Dr. Mete Ekşioğlu
Dr. Mete Ekşioğlu

Güven duygusu

Dünyanın en ünlü drama yazarı denilince akıllara ilk gelen isim W.Shakespeare’dir. Bir dizesinde şöyle der: Güven ruh gibidir çünkü terk ettiği bedene bir daha asla girmez.

ABD’li bir hekim var. 1938 yılında ölmüş. Adı Dr. Weston Price.
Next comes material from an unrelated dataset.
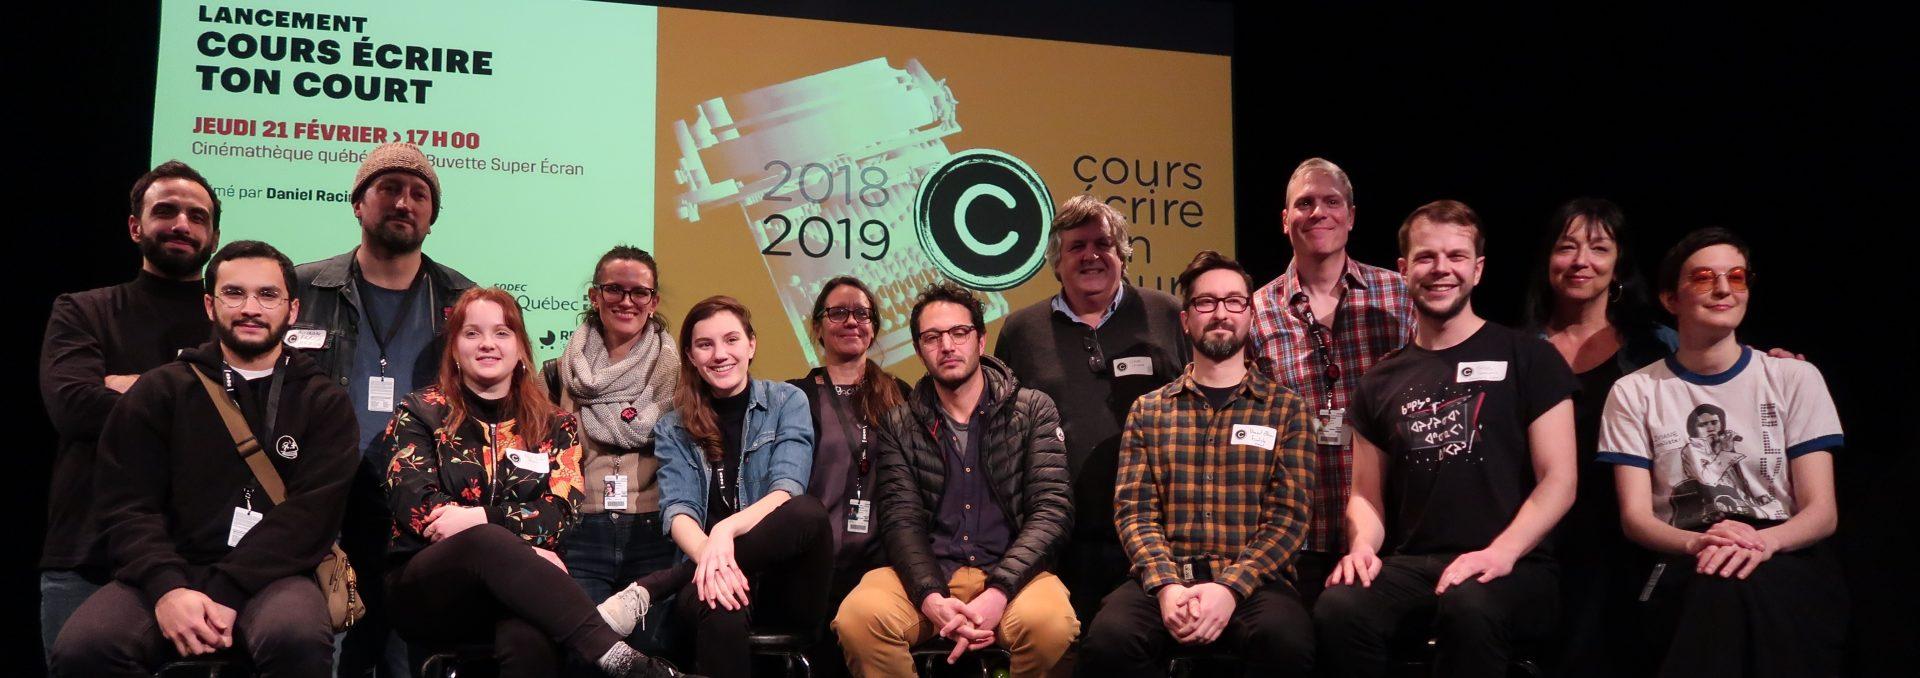 Finalistes accompagnés de leur mentor lors de l'édition 2018-2019

Beslenme ve beslenmenin vücutta yarattığı etkiler konusunda dünyanın gelmiş geçmiş en büyük bilim insanı. 30 yıl boyunca Alaska yerlilerini, Avustralya Aborjinlerini, Amerika Kızılderililerini, Alp Dağları insanlarını incelemiş ve sonuçta beslenme bozukluklarına ait bir kitap oluşturmuş bu bilim insanı. Geleneksel metodlarına uygun beslendikleri zaman kafatası yapısından tutun da dişlerine, kaslarına kadar insanların gayet sağlıklı geliştiklerini, bir takım kronik hastalıklara yakalanmadıklarını, ruhsal yönden de son derece sağlıklı olduklarını bulmuş. Ancak şunu da bulmuş bu hekim. Bu insanlar geleneksel beslenme özelliklerini terk ettiklerinde (örneğin şehirlere göç edip rafine gıdalar, katkılı gıdalar ile tanışma başladığında) daha önce hiç karşılaşmadıkları bazı hastalıklar ile karşılaşmaya başlıyor, ruhsal ve bedensel yapıları da bozuluyor.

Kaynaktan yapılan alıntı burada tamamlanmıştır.